Rendering of 2014 Williams FW36 vehicle. (Photo: Williams F1)

Here is a rendering of the 2014 FW36 car. (Photo: F1)

Williams has released the first images of its new Mercedes-powered FW36, giving us the first ‘official’ look at what noses will look like in 2014.

Although Force India showed its VJM07 on Wednesday, the nose was not visible in the side view.

The computer-generated pictures, showing the car in the team’s traditional blue testing livery, make it very clear that noses will be a huge talking point as the real cars are unveiled over the next few days.

“This is the first time that Williams has worked with Mercedes in F1, and we’ve been very impressed,” said chief technical officer Pat Symonds. “Their professionalism and commitment have been notable, and we’re as confident as we can be that the power unit will be competitive.

“Overall the cars will need more cooling this year. The demands on water and oil cooling may be slightly diminished, but the ERS (Energy Recovery System) is significantly more powerful and hence needs more cooling. We also have to cool the charge air from the turbocharger compressor which requires a substantial intercooler.

“The build of the new car has gone remarkably smoothly. But it’s been a challenge to get the car down to the weight limit. It’s been achievable, but it hasn’t been easy, because the new power unit is heavier than the outgoing V8.”

The team says that the new gearbox ran on the dyno at the beginning of November, before running with the full power unit several weeks later.

“We finished the gearbox relatively early,” Symonds said. “It’s completed a lot of running on the test rig and at Mercedes HPP in Brixworth, but you can’t take reliability for granted. It’s a completely new ‘box and it has to cope with a lot more torque than was the case with the V8.”

The team confirmed that what fans will see in testing is a launch spec aero package, with a revised one due for the first race. Most teams are likely to follow a similar path.
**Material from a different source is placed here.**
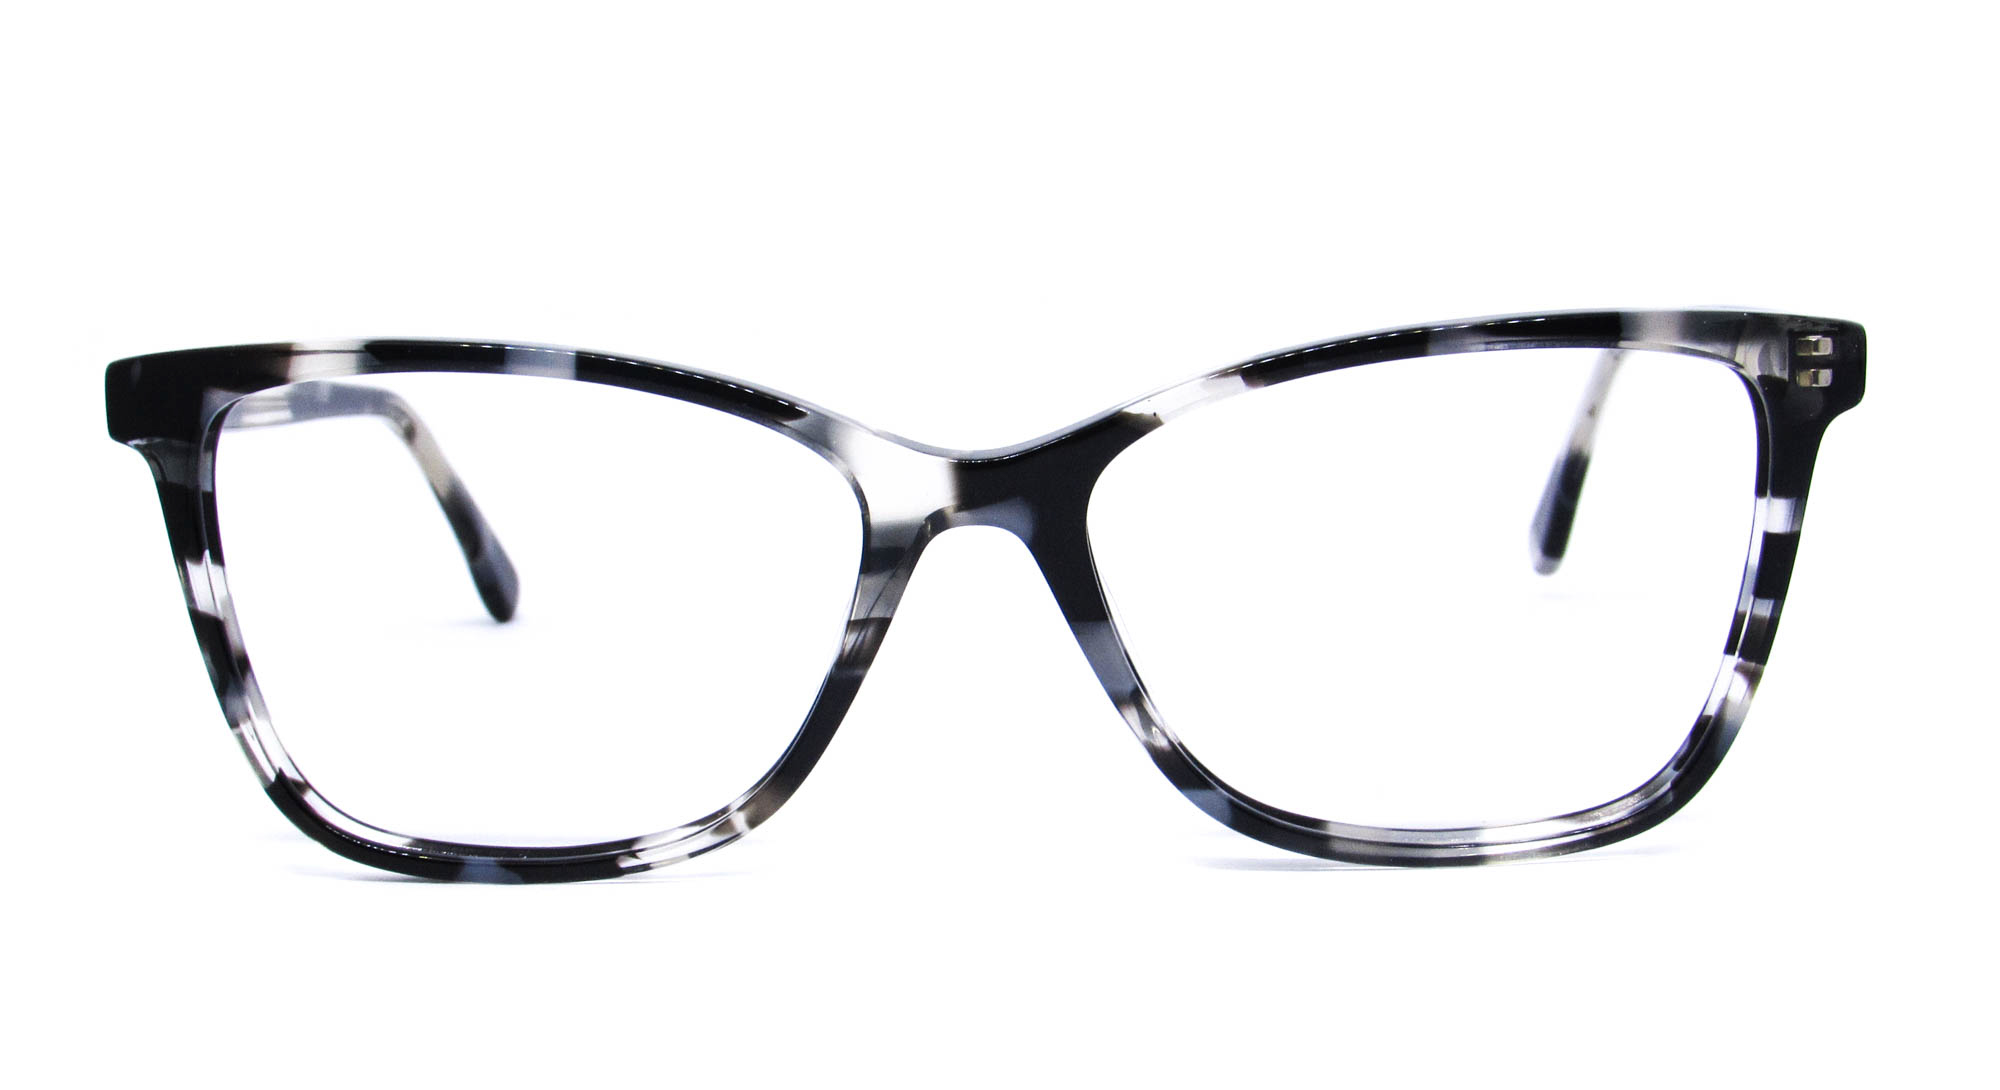 Óculos de Grau Feminino Gatinho Mesclado com Preto
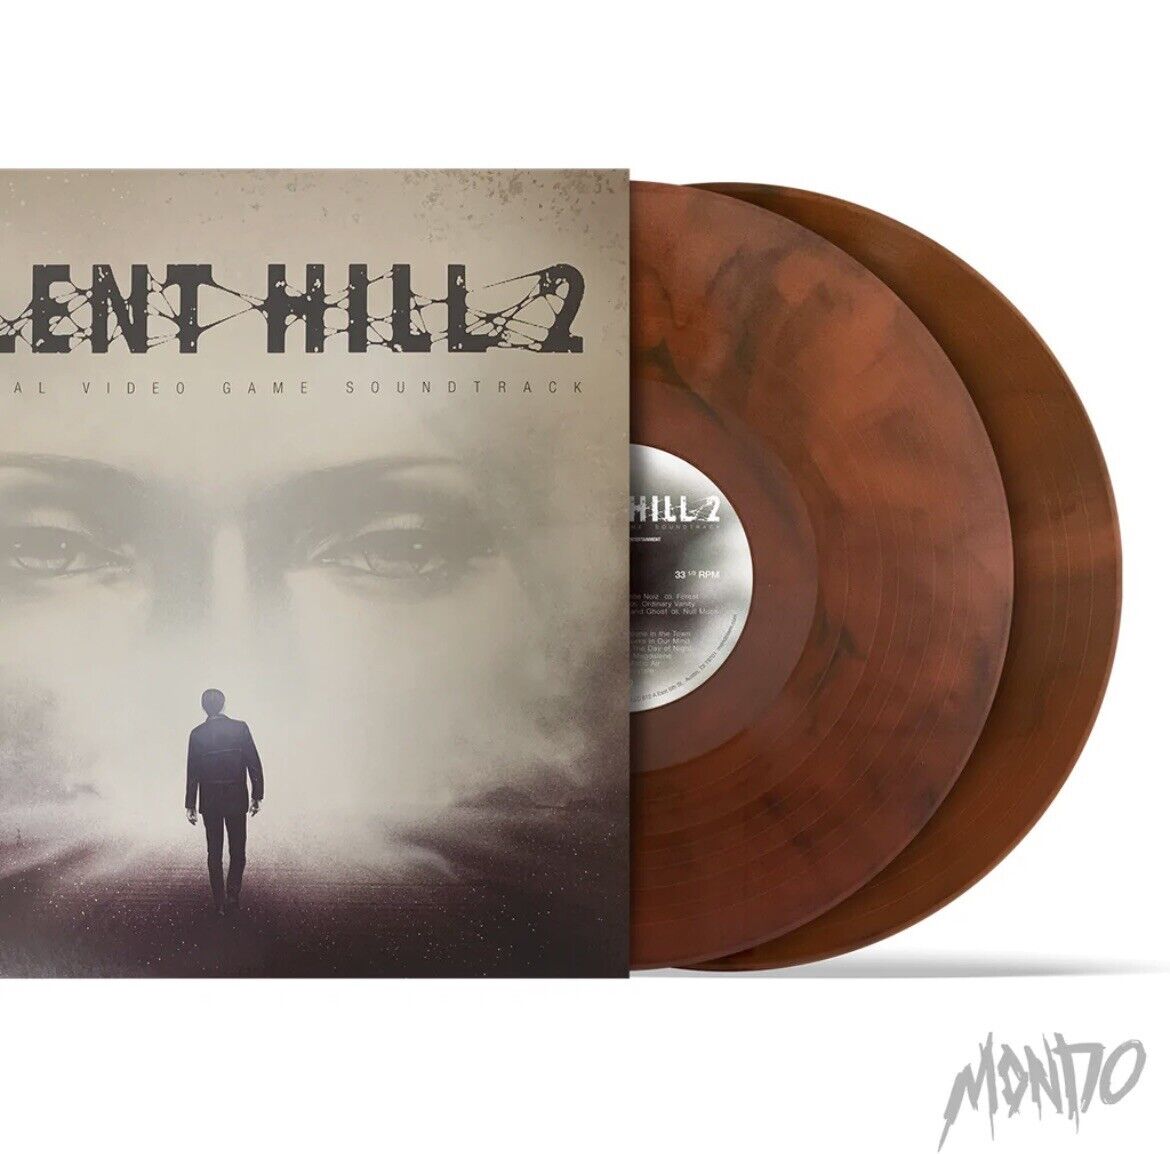 Silent Hill 2 Soundtrack LP サントラ レコード DO-

“F1 is still going to be an aerodynamic formula in 2014,” Symonds said. “There are some significant changes: the nose is lower than last year and the front wing is narrower, which means the end plates are now more shrouded by the front tire. The rear wing isn’t as deep as last year and the beam wing below it is no longer permitted, and we’ve also lost the ability to use the exhaust to enhance aero performance.”